Thursday, December 27, 2012

My Time

Husband is upset with me. I know that he's tired, but I'm not. He went to bed hours ago, but keeps getting up every 30 minutes to do random things. I know what it really is, it's to see what I'm doing. To see what is so all important to me, that I'm not yet laying in bed beside him.

I don't know how to tell him what it really is. It's simply that I want some time to myself. We spend 99% of every day together. We sleep together. We wake up together. We work together. We come home together. We eat together. We watch TV together. The only time we are apart is if one of us is in the bathroom, or are running to get that all important daily intake of caffeine for the two of us.

 I think somewhere in his mind, he has it that I don't love him enough to go to bed at the same time. If so, he's way off base. I love him more and more every day. Don't get me wrong, there are days I don't like him. Days I fantasize of bashing him upside the head with a skillet. But, in the end, I love him.

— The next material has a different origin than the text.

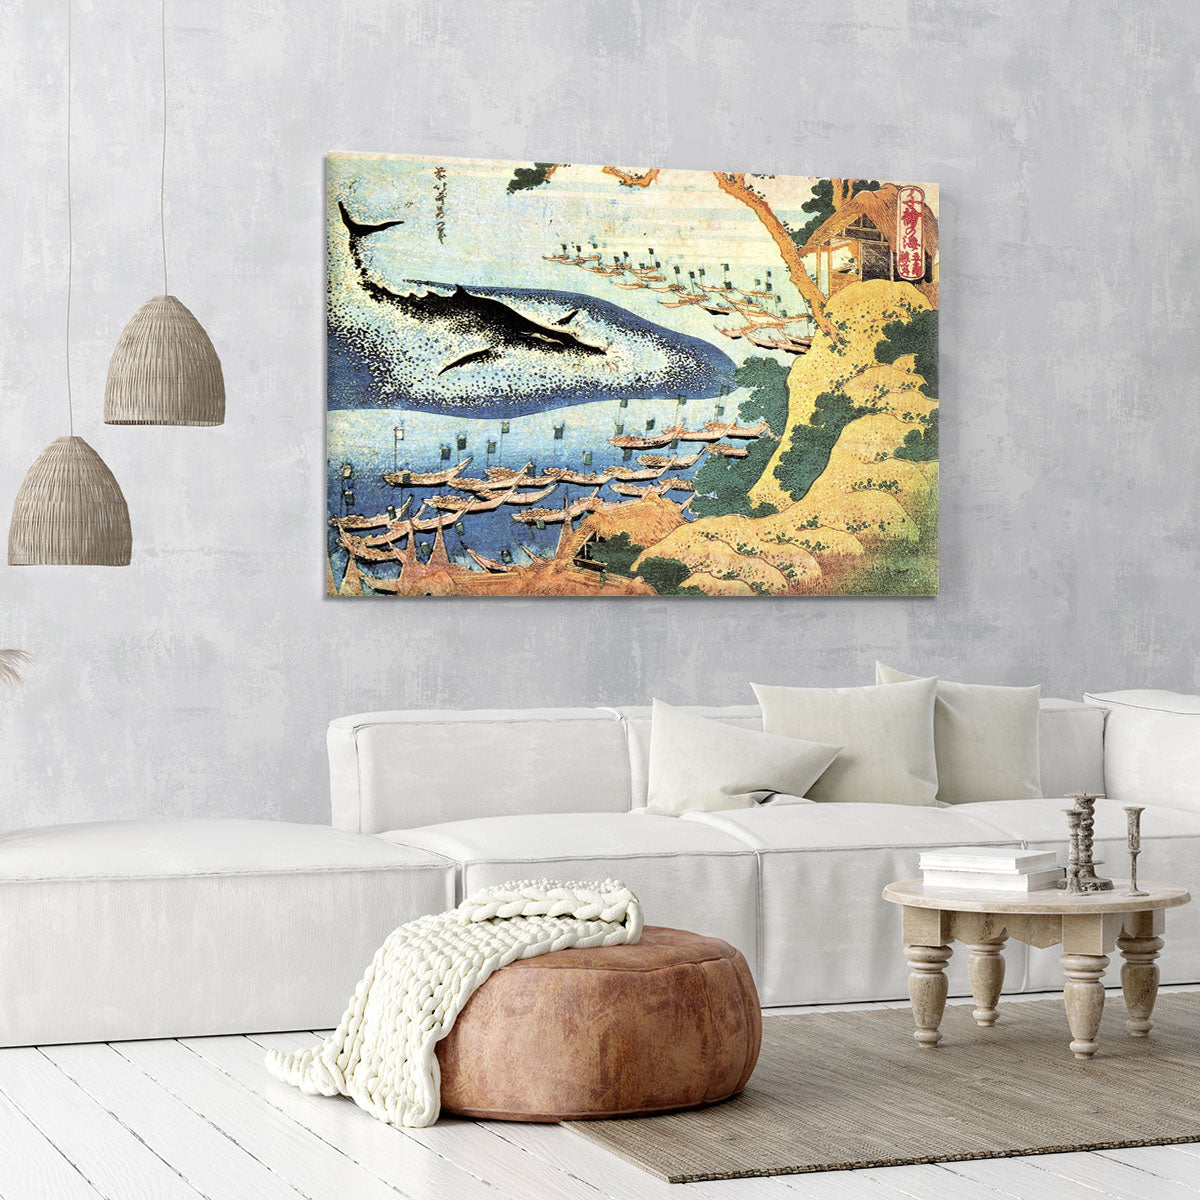 Ocean landscape and whale by Hokusai Canvas Print or Poster - Canvas Art Rocks - 6

 I'm not a morning person, by any stretch of the imagination. I'm a night owl. I have been for as long as I can remember. Soooo....instead of getting up a few hours earlier, I stay up a few hours later. What do I do with this "me" time? I read blogs, watch meaningless TV shows, read fiction books, surf the internet, draw, watch other people's lives on Facebook and Twitter, read Cracked.com, pin things on Pinterest that I will probably never really do or cook, and I write on my blog on occasion.

 It's actually quite boring. However, it helps me keep my sanity. If I tell Husband all of this, I'm afraid he would think it's just an excuse. That there really is some deep, underlying issue somewhere. What would you do?